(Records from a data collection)
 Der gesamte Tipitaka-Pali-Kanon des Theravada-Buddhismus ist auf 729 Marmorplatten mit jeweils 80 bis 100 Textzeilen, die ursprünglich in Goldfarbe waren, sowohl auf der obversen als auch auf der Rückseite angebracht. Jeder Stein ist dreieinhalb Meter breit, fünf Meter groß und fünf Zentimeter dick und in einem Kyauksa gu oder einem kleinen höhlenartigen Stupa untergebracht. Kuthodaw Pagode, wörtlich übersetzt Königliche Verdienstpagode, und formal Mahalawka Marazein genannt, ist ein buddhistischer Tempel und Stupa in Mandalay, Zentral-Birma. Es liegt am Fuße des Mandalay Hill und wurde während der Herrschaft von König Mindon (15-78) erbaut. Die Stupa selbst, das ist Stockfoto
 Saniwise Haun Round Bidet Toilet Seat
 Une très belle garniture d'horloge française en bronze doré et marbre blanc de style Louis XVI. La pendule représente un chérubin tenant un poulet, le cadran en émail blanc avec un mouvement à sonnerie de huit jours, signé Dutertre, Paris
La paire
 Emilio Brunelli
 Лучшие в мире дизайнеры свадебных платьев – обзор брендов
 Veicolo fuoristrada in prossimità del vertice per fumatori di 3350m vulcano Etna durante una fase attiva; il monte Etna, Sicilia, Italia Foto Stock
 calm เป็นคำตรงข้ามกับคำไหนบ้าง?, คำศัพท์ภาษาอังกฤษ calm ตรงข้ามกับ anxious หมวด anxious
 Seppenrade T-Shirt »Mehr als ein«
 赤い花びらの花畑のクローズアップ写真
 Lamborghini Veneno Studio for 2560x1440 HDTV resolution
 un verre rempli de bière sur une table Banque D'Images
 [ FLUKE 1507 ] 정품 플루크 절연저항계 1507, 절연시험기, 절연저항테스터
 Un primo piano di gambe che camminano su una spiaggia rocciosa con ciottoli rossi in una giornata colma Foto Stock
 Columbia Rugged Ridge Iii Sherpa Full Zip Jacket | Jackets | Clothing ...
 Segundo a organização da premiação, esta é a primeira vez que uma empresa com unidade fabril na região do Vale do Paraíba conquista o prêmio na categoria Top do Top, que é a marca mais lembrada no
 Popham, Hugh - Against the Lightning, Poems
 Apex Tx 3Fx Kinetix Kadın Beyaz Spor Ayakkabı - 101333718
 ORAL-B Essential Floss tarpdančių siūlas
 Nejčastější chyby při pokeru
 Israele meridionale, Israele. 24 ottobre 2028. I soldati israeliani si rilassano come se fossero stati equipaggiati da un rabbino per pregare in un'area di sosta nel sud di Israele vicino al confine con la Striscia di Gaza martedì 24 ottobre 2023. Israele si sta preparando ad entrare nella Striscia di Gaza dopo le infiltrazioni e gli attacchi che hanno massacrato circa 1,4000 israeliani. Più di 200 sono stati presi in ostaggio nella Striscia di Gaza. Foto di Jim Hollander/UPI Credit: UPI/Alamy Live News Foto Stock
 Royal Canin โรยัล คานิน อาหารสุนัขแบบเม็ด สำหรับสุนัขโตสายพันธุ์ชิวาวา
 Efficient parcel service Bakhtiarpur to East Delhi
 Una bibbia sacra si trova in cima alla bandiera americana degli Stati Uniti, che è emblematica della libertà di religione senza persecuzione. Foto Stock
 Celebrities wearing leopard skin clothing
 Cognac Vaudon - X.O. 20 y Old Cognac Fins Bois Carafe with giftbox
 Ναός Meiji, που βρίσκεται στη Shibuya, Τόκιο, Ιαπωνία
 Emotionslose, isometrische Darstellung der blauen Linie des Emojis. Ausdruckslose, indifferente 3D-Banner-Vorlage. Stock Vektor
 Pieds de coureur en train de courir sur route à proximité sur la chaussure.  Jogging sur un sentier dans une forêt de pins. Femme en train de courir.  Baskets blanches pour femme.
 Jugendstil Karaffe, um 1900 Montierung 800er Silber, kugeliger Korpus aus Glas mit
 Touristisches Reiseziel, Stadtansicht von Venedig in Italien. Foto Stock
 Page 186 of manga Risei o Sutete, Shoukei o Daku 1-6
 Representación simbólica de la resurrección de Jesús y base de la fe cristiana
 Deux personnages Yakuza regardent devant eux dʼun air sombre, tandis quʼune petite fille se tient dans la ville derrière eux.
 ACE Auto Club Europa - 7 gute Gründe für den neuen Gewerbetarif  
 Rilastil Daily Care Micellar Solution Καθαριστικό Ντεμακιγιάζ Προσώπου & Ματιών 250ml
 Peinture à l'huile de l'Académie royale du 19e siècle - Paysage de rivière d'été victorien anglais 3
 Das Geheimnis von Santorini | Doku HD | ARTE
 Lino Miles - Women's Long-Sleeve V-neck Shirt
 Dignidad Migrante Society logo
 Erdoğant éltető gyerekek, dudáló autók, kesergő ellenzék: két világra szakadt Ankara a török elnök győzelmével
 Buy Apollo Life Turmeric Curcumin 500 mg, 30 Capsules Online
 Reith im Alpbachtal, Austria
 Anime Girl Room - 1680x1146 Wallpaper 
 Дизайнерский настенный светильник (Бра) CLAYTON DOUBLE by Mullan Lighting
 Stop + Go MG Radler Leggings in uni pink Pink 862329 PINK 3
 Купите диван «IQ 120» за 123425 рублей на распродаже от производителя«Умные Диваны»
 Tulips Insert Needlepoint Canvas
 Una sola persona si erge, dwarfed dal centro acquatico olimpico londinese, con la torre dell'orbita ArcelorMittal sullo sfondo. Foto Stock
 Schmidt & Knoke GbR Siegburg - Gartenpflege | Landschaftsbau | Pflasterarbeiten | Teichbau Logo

→ Task objective:
Determine how many lines in the records contain "Shirt", and reply with the number only.

→ Written answer:
2